Disease classification
We assigned subjects to five mutually exclusive groups at the last examination (ECRHS III), when post-bronchodilator lung function measurements were available (supplementary figure E1). All the criteria composing disease definitions were fulfilled at the time of ECRHS III on the basis of data measured at ECRHS III (lung function data, symptoms) or cumulative/past data (history of exposures, history of asthma, early-life respiratory infections). Disease groups were classified as follows: 1) asthma+COPD, defined as post-bronchodilator FEV1/FVC<lower limit of normal (LLN) [28] + at least one GOLD-defined indicator for COPD (lifetime history of exposures, key symptoms and/or early life risk factors) + either lifetime asthma history or marked BDR (increase in FEV1>12% and >400 mL) [2]; 2) COPD alone, defined as post-bronchodilator FEV1/FVC<LLN + at least one GOLD-defined indicator for COPD + neither lifetime asthma history nor marked BDR; 3) current asthma alone, defined as lifetime asthma history + one among asthma-like symptoms, asthma attacks and use of inhaled/oral respiratory medicines in the last 12 months (with or without post-bronchodilator FEV1/FVC<LLN); 4) past asthma alone, defined as lifetime asthma history but no symptoms, attacks or medication (with or without post-bronchodilator FEV1/FVC<LLN); and 5) reference subjects, defined as none of the aforementioned conditions and post-bronchodilator FEV1/FVC≥LLN.

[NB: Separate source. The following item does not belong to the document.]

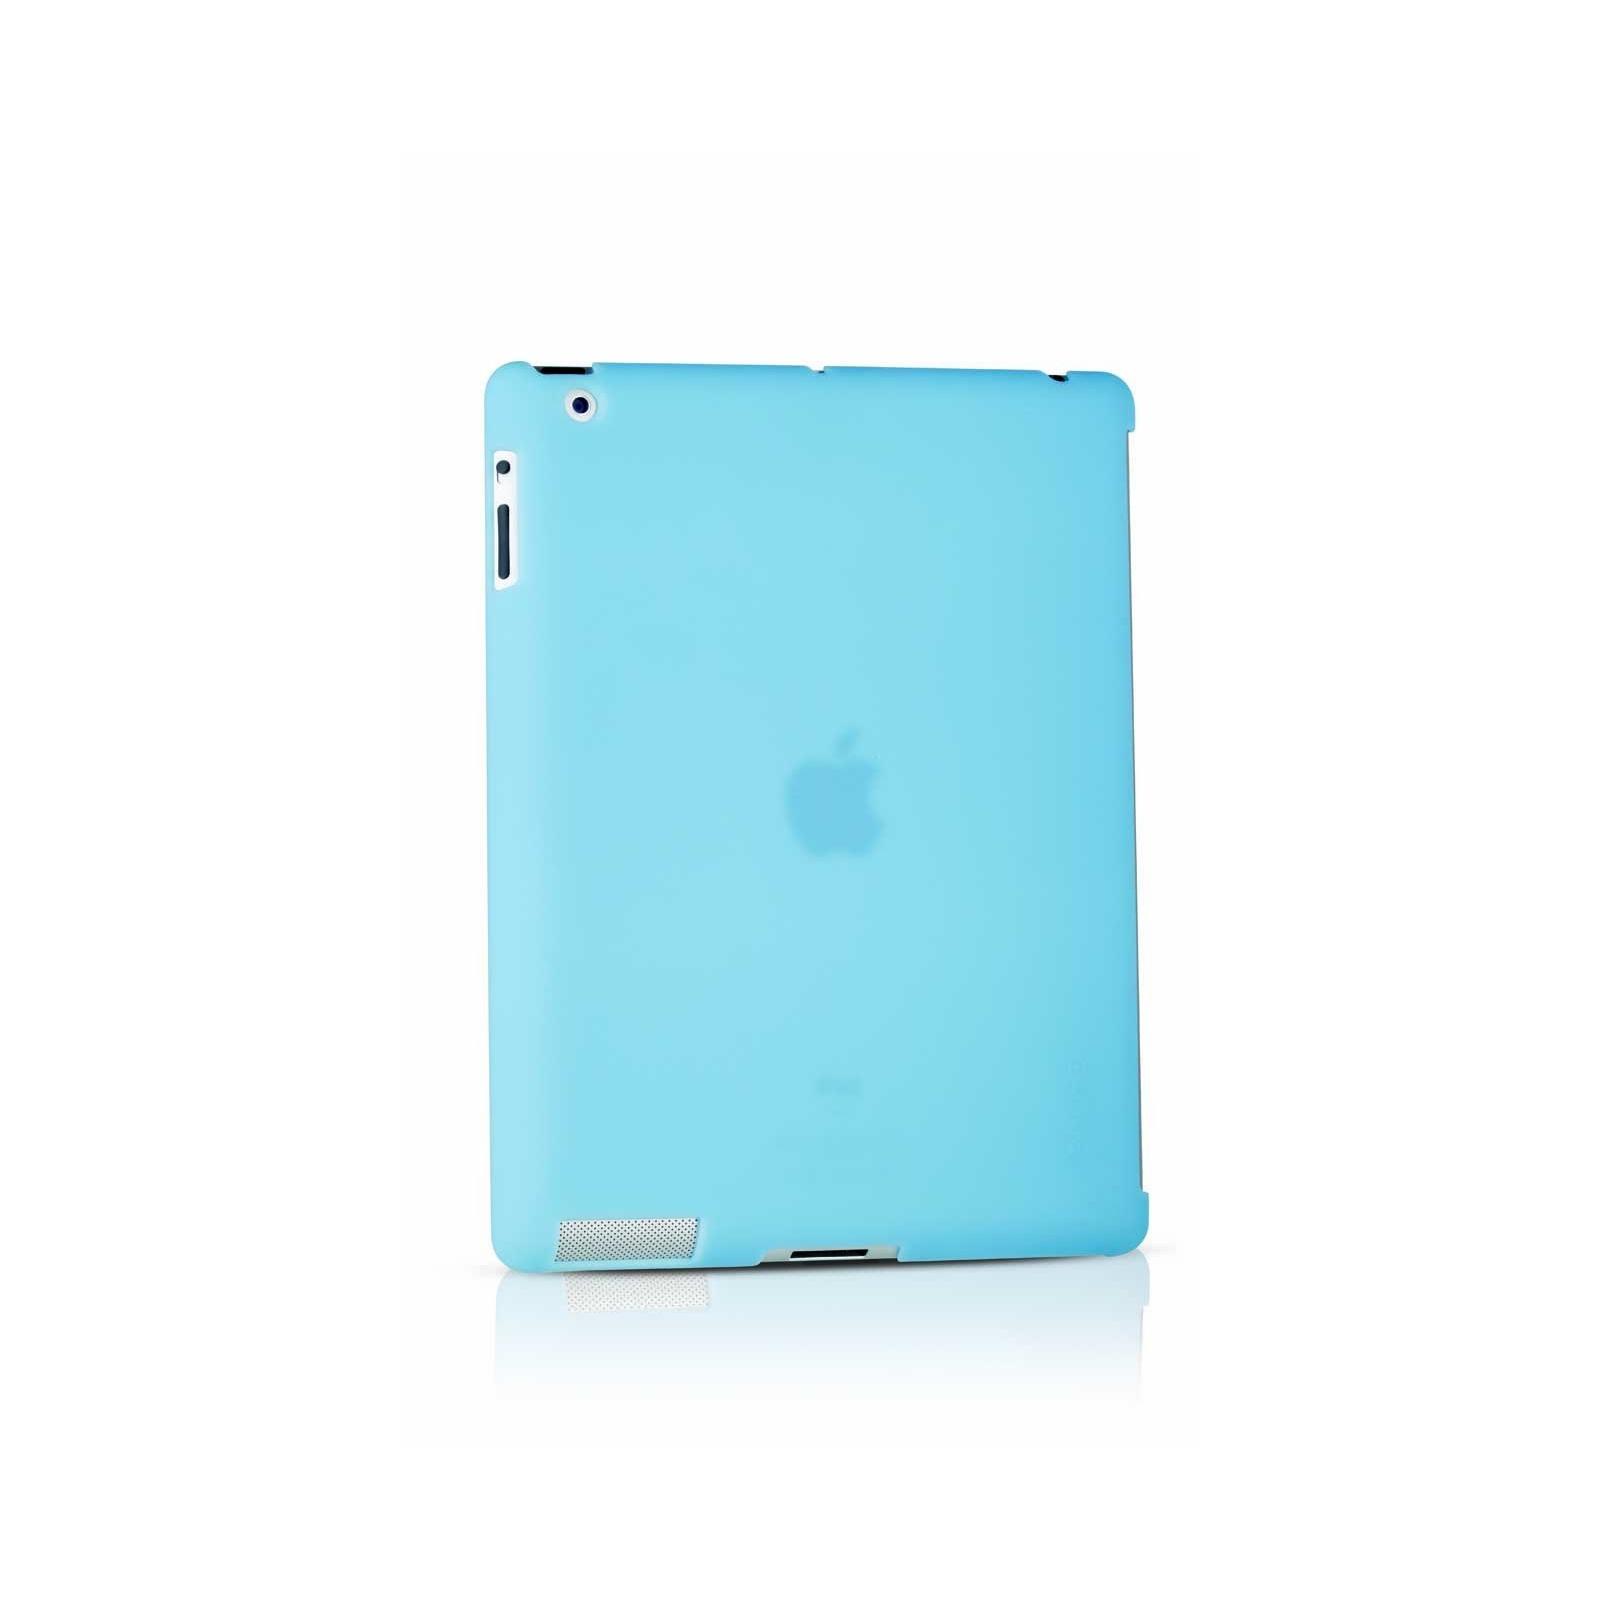 Чехол для планшета ODOYO IPAD AIR /SMARTCOAT BLUE (PA531BL)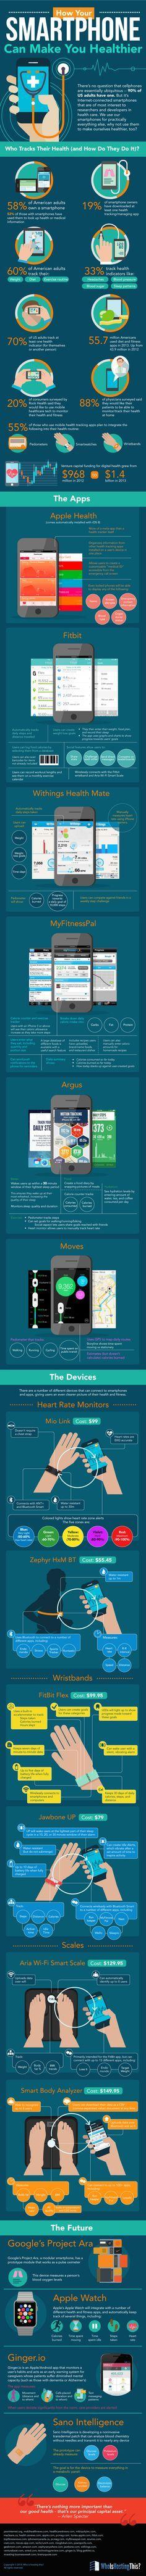 Smartphone make healthier.....

We excluded 18 subjects with post-bronchodilator FEV1/FVC<LLN at ECRHS III who could not be classified in any of the disease groups (no GOLD-defined indicators, no asthma history) (figure 1).
Statistical analysis
For the subjects classified in disease groups at ECRHS III (age 40–68 years), we described the distribution of characteristics using mean±sd, median (Q1–Q3) or number (%), and tested overall differences across the groups using Kruskal–Wallis or Chi-squared/exact tests as appropriate. We then estimated adult-life trajectories of these phenotypes from the minimum age of 20 years at ECRHS I to the maximum age of 68 years at ECRHS III. We modelled indicators that were available for all the three time points, including two risk factors (proportion exposed to active or passive smoking), two self-reported outcomes (proportion reporting dyspnoea (ever having trouble with breathing) or medical examinations (seen by a general practitioner/specialist in the last 12 months, supplementary table E2)); and three lung function outcomes (average FEV1 (L), FVC (L) and % FEV1/FVC). We used generalised estimating equations with Poisson outcome distribution and log link function for binary outcomes, or a Gaussian outcome distribution and identity link function for quantitative outcomes. The models included a robust variance estimator and the following independent variables: sex, age, disease status, disease status×age (interaction term), ECRHS sample (random versus symptomatic), spirometer type (only for lung function outcomes) and height (only for FEV1 and FVC). Age2 and disease status×age2 were also tested sequentially and included to account for non-linearity in trajectories if they improved model fitting (α=0.10). We set unstructured within-subject correlations to account for repeated measurements. We deleted missing data on adjustment variables list-wise. Each subject contributed available information from any time point. We used STATA software, release 16.1 (StataCorp, College Station, TX, USA).
Sensitivity analyses
We also estimated lung function trajectories: 1) modelling FEV1 and FVC % predicted; 2) only considering subjects with three valid lung function measurements; and 3) after excluding subjects with post-bronchodilator FEV1/FVC>LLN in combination with FEV1 or FVC<LLN at ECRHS III, an indicator of preserved ratio impaired spirometry (PRISm) (measurements of total lung capacity and residual volume were not available). Moreover, 4) we replicated the analyses after applying disease definitions based on the GOLD fixed cut-off for persistent obstruction (FEV1/FVC<0.70) (appendix E1).
Results
There were 14 864, 9251 and 6122 participants, respectively, in ECRHS I, II and III who underwent clinical examinations, from 23 centres (supplementary table E3). The median time intervals between ECRHS I and II and between ECRHS II and III were 8.8 years (range 4.3–11.7 years) and 11.5 years (range 8.5–15.6 years), respectively. Compared to ECRHS I participants, the subjects followed up at ECRHS III were on average older at baseline (34.3 versus 33.6 years), less likely to have a low level of education (12.4% versus 15.8%), less likely to be current smokers (20.5% versus 23.4%) and had higher FEV1 (99.6% versus 98.8% predicted) (supplementary table E4). Disease status was classified at ECRHS III for 4838 individuals (figure 1), of whom 4267 attended all three examinations, and 3216 had valid lung function measurements at three time points. Subjects assigned to disease groups had similar characteristics compared to the larger sample of ECRHS III participants (supplementary table E4). There were 295 subjects with a post-bronchodilator FEV1/FVC<LLN; of these, 290 fulfilled at least one GOLD-defined indicator of COPD (supplementary table E5), and five were classified as having past (n=1) or current (n=4) asthma alone. There were 1248 subjects with a lifetime history of asthma, of whom 1045 reported having ever had asthma at ECRHS I, II and/or III.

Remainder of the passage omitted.